Whatever the opposition of business, the Government here is committed to introducing a minimum wage by April 1st, 2000, and the Taoiseach, Mr Ahern, has hinted it may be sooner.
The national minimum wage commission report found that 23 per cent of employees earn less than £4.40 an hour and the average increase for employees would be £40 a week.
Northern Irish workers will also benefit from the British move. Up to one in three Northern Irish workers are thought to earn less than £4 an hour
According to the British Minister for Trade and Industry, Ms Margaret Beckett, the minimum wage would help "two million workers to escape from poverty" and "begin to end the scandal" of very low pay.
But she stressed that it was being set at a business-friendly level "which avoided the risk of adverse effects on employment, inflation and the public sector borrowing requirement".
She added that the gap in hourly pay between the lowest and highest paid had almost doubled in the last 20 years.
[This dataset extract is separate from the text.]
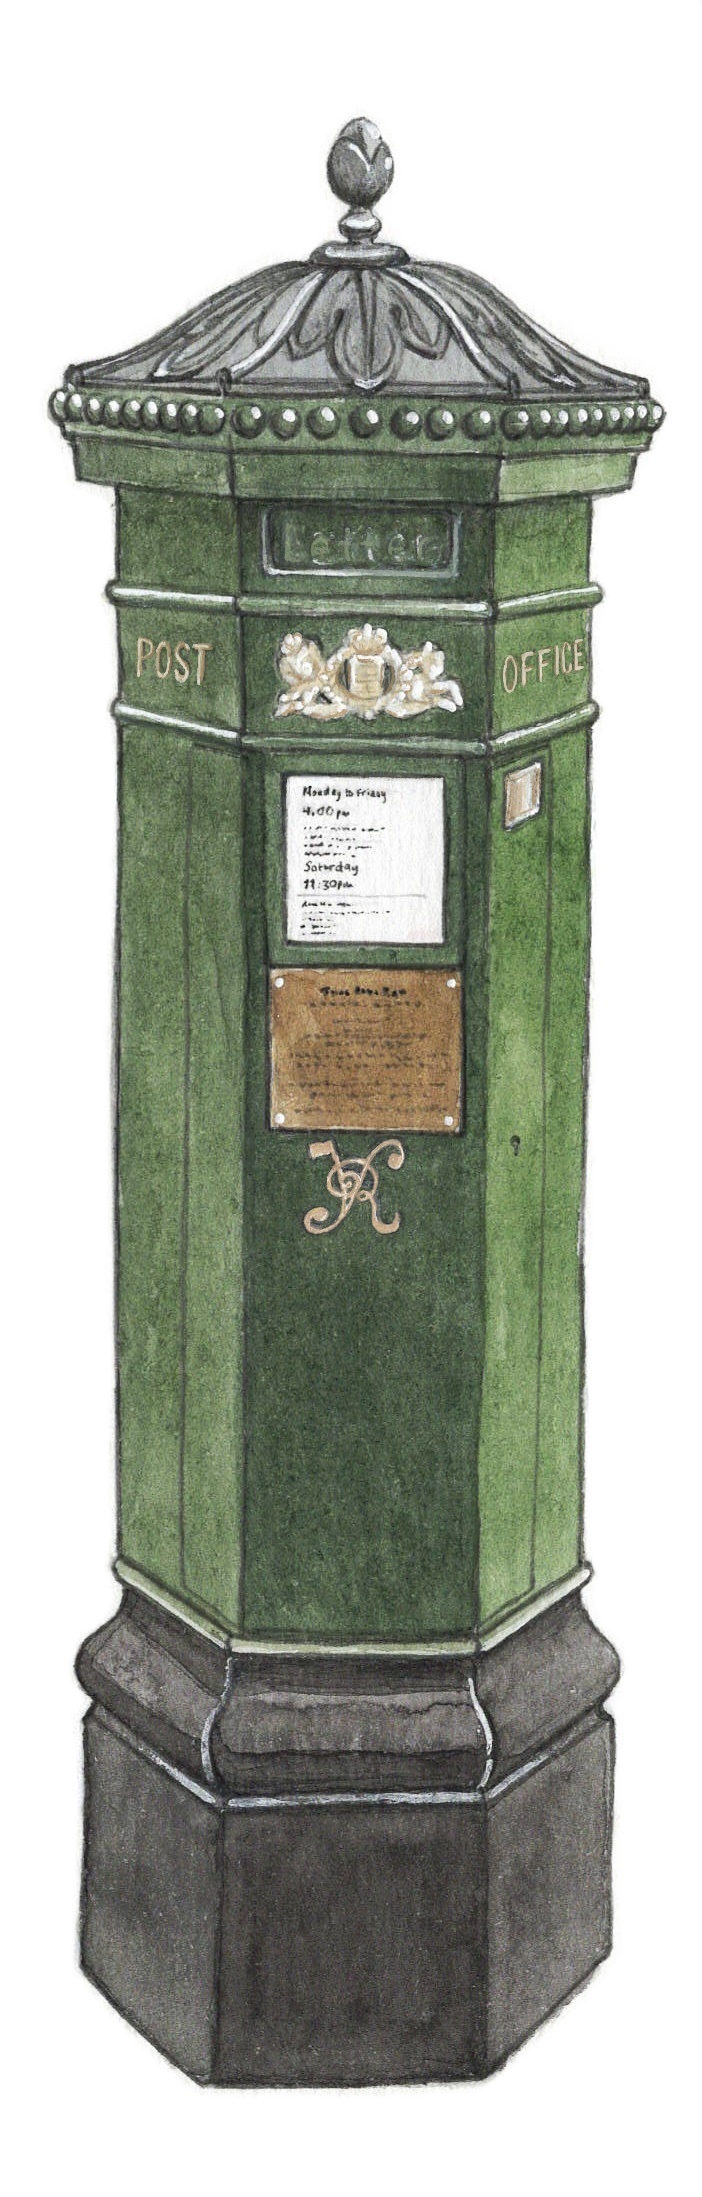 A green ornate postbox
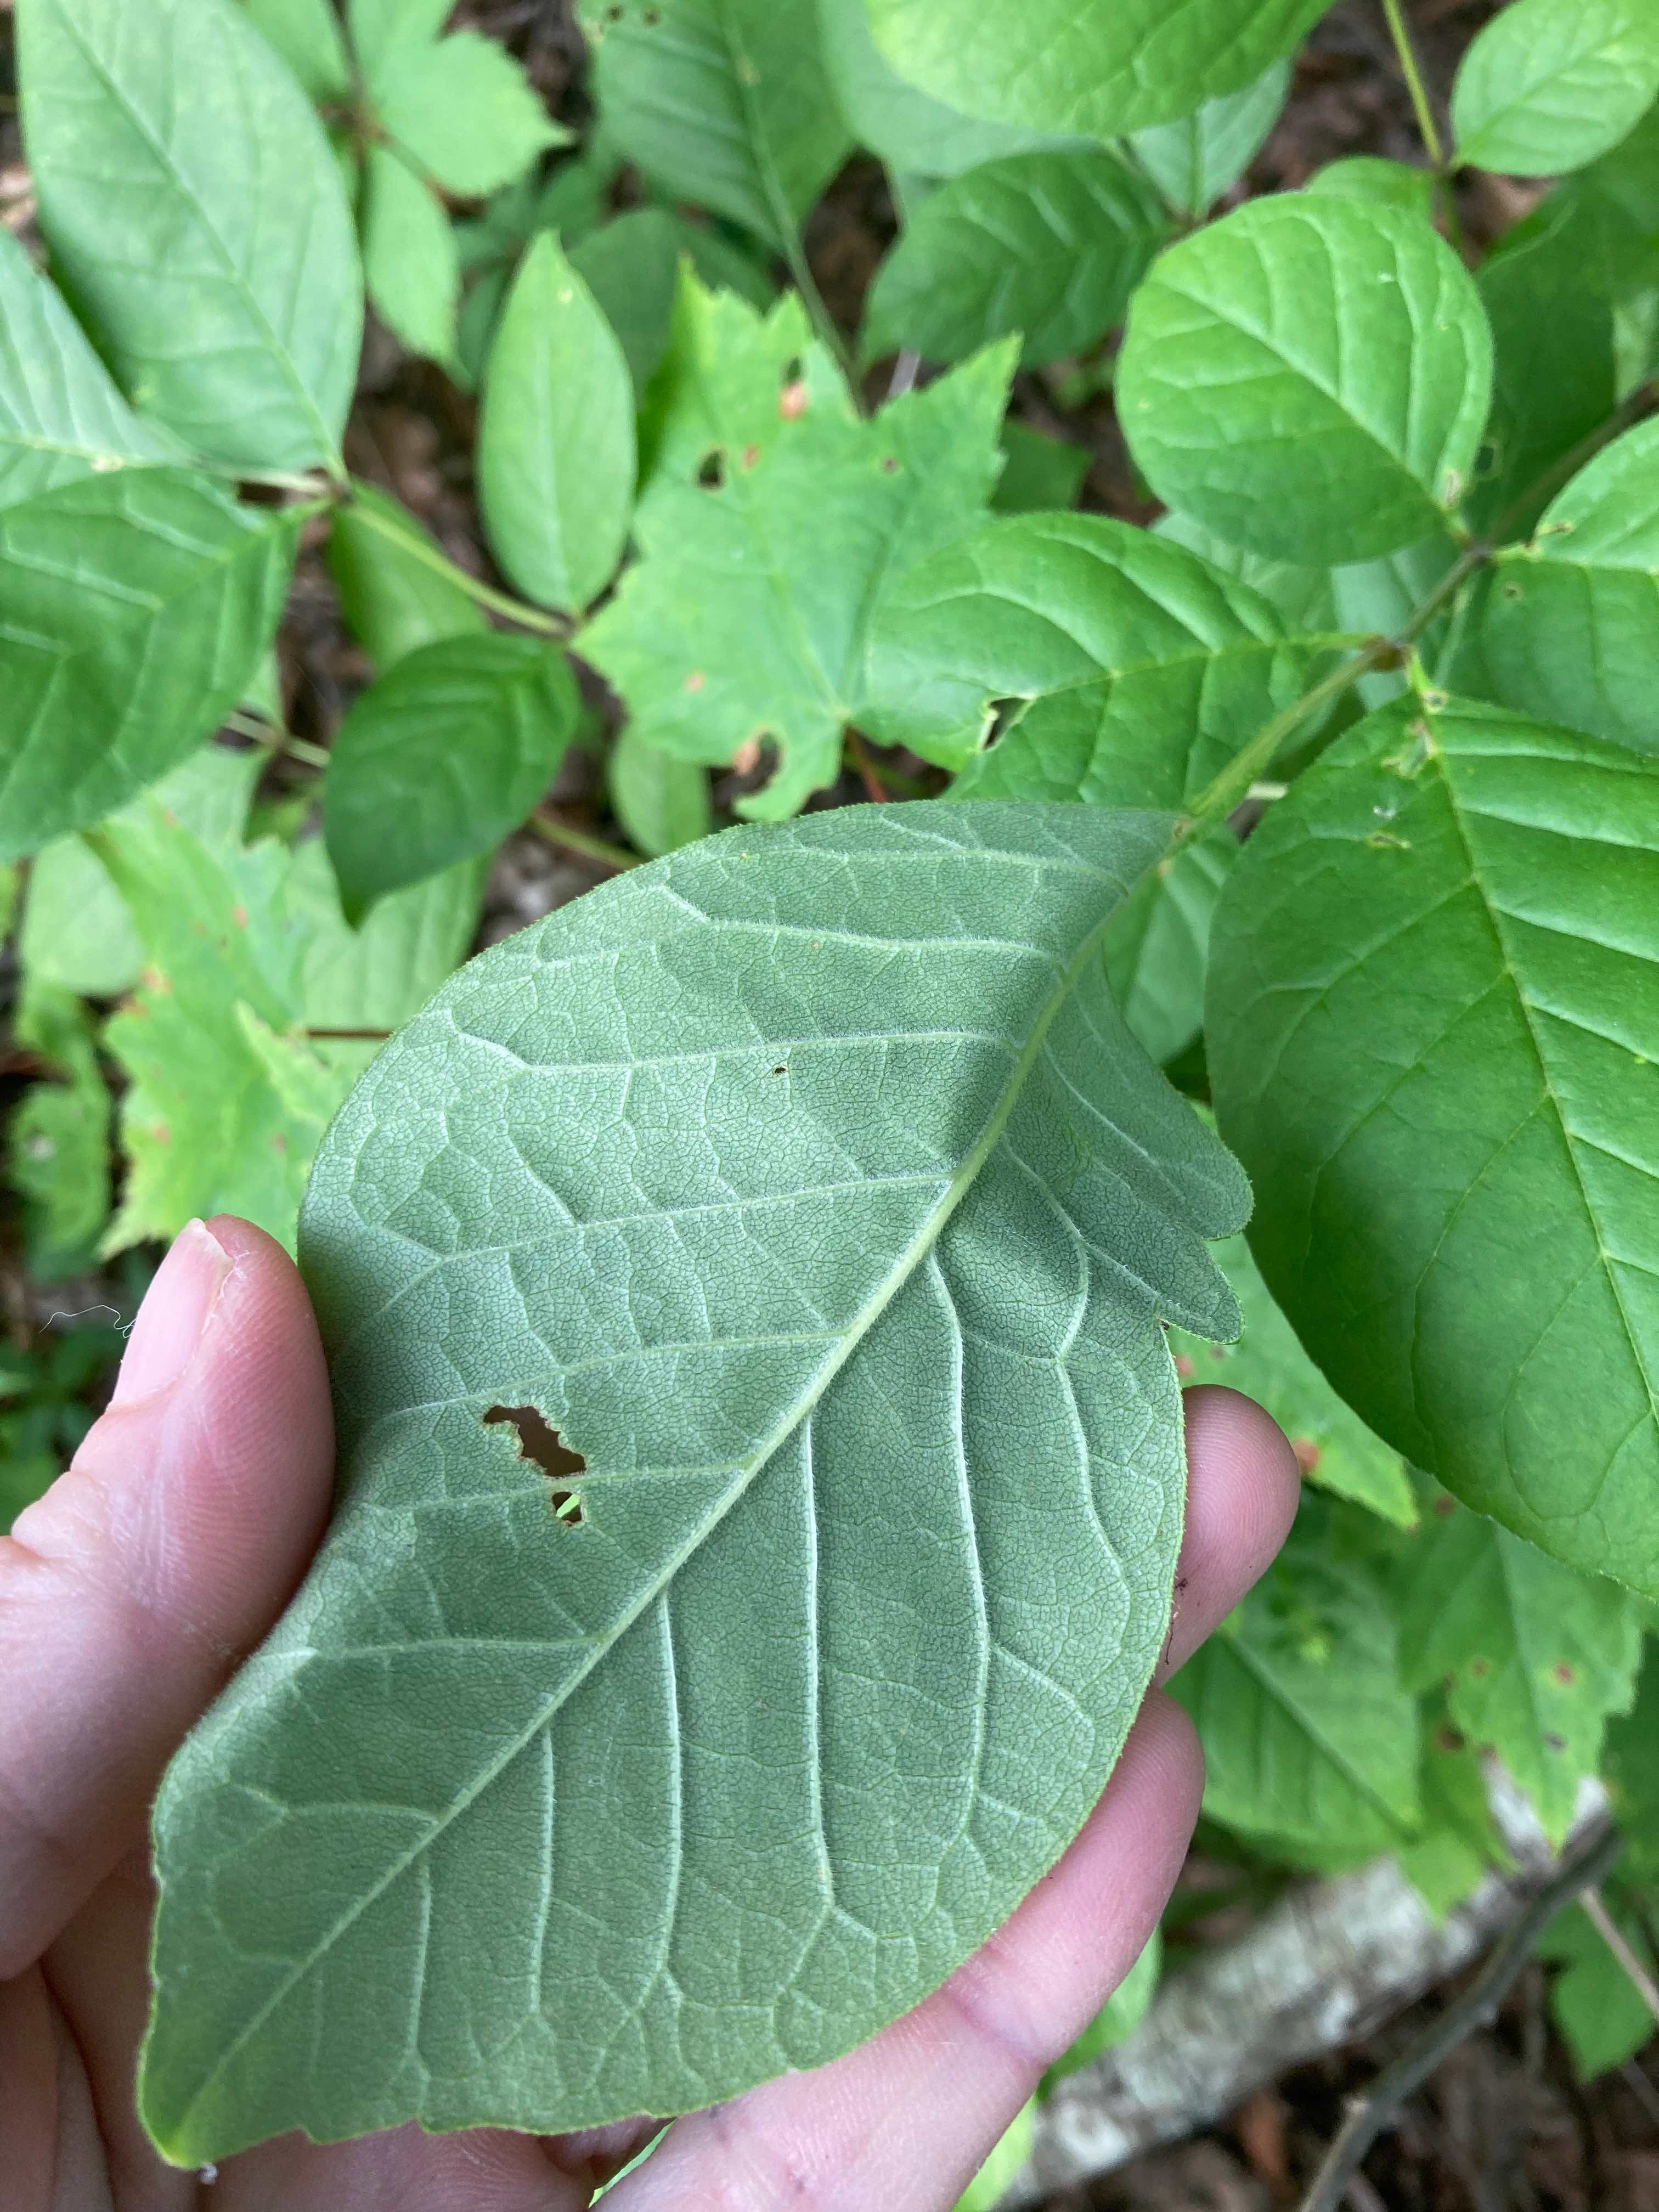 The Scientific Name is Fraxinus americana. You will likely hear them called White Ash, American Ash. This picture shows the  The undersides of leaflets are usually whitened as compared to the medium green tops. of Fraxinus americana

In Britain, both unions and the employers' body, the Confederation of British Industry, welcomed the move, but it was strongly attacked by the Conservative spokesman, Mr John Redwood. He said it was a curb on flexible work practices which have made Britain one of the most competitive places in Europe and a boost to inflationary pressures from rising wages.
But Mr Bill Morris, TGWU union general secretary, said £3.60 was too low. "Such a rate is an endorsement of workplace poverty and a green light to the bad employer."
However, Mr Adair Turner, director general of the CBI, said the figure was acceptable.